Лесть была в те дни в моде, и де Тревиль был так же чувствителен к фимиаму, как любой король или кардинал. Он не мог поэтому удержаться от выражавшей удовольствие улыбки, но улыбка быстро угасла.
— Скажите мне… — начал он, сам возвращаясь к происшествию в Менге, — скажите, не было ли у этого дворянина легкого рубца на виске?
— Да, как бы ссадина от пули.
— Это был видный мужчина?
— Да.
— Высокого роста?
— Да.
— Бледный, с темными волосами?
— Да-да, именно такой. Каким образом, сударь, вы знаете этого человека? Ах, если когда-нибудь я разыщу его, — а клянусь вам, я разыщу его хоть в аду…
— Он ожидал женщину? — перебил его де Тревиль.
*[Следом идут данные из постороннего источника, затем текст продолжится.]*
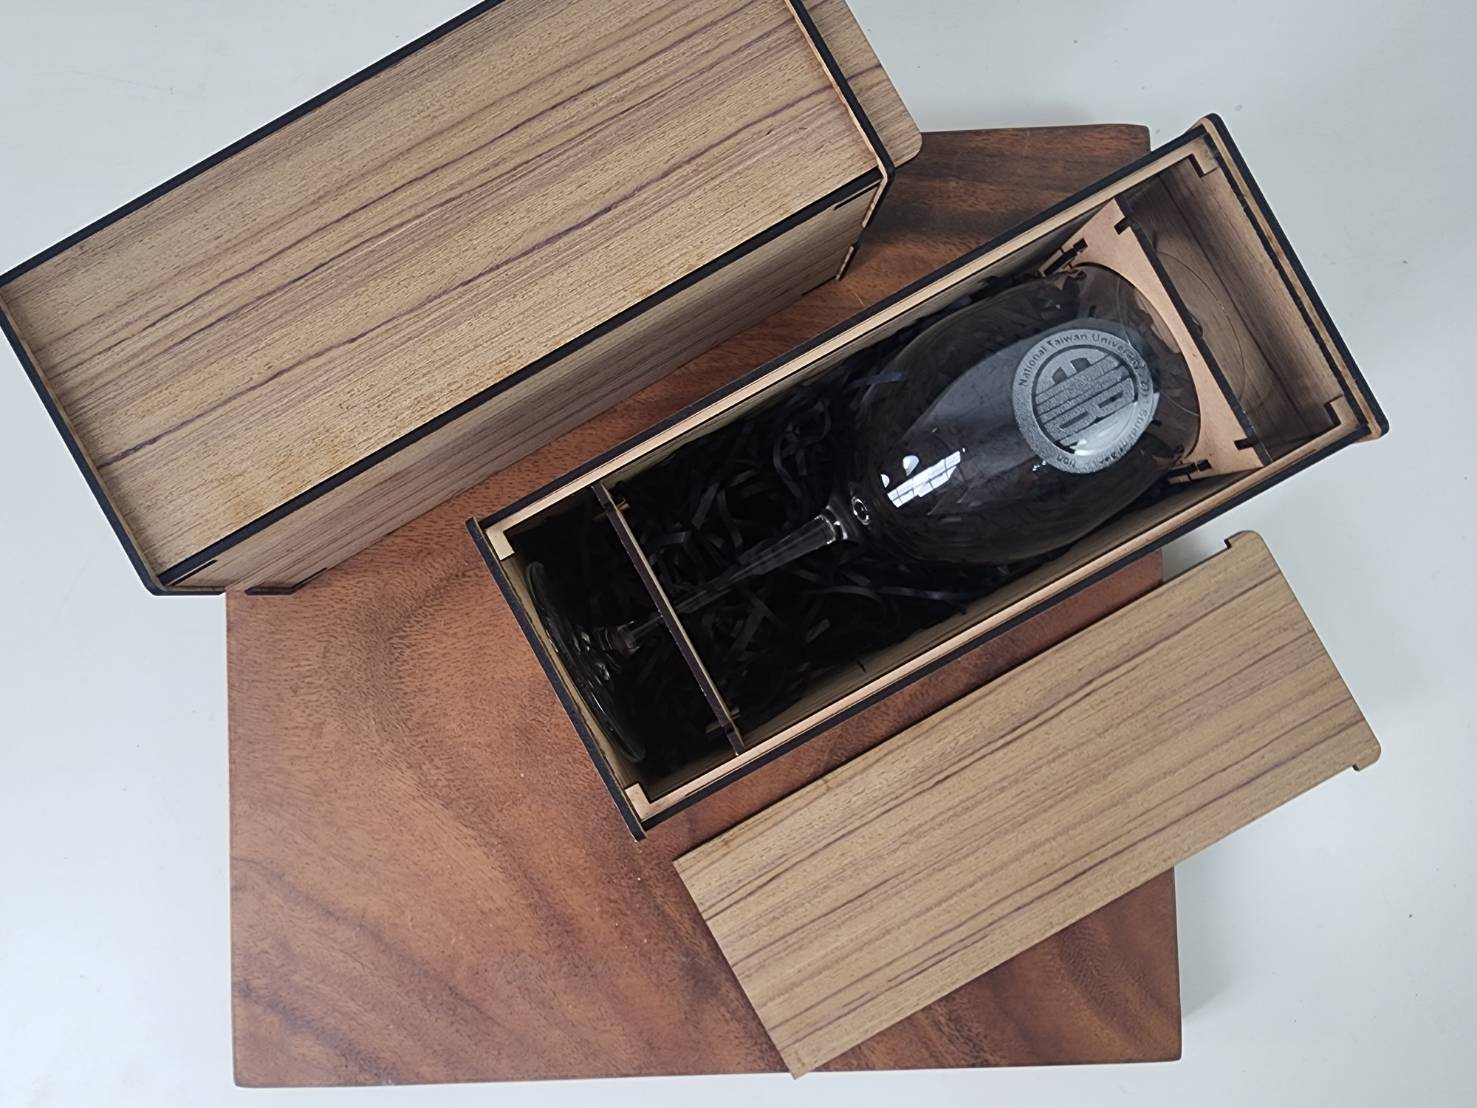 無鉛水晶玻璃杯雕刻 卡本內紅酒杯470ml 專屬木盒包裝單入 | 第二張展示圖

— Уехал он, во всяком случае, только после того, как обменялся несколькими словами с той, которую поджидал.
— Вы не знаете, о чем они говорили?
— Вручив ей ларец, он сказал, что в нем она найдет его распоряжения, и предложил ей вскрыть ларец только в Лондоне.
— Эта женщина была англичанка?
— Он называл ее миледи.
— Это он! — прошептал де Тревиль. — Это он! А я полагал, что он еще в Брюсселе.
— О сударь, — воскликнул д'Артаньян, — скажите мне, кто он и откуда, и я не буду просить вас ни о чем, даже о зачислении в мушкетеры! Ибо прежде всего я должен рассчитаться с ним.
— Упаси вас бог от этого, молодой человек! — воскликнул де Тревиль. — Если вы встретите его на улице — спешите перейти на другую сторону. Не натыкайтесь на эту скалу: вы разобьетесь, как стекло.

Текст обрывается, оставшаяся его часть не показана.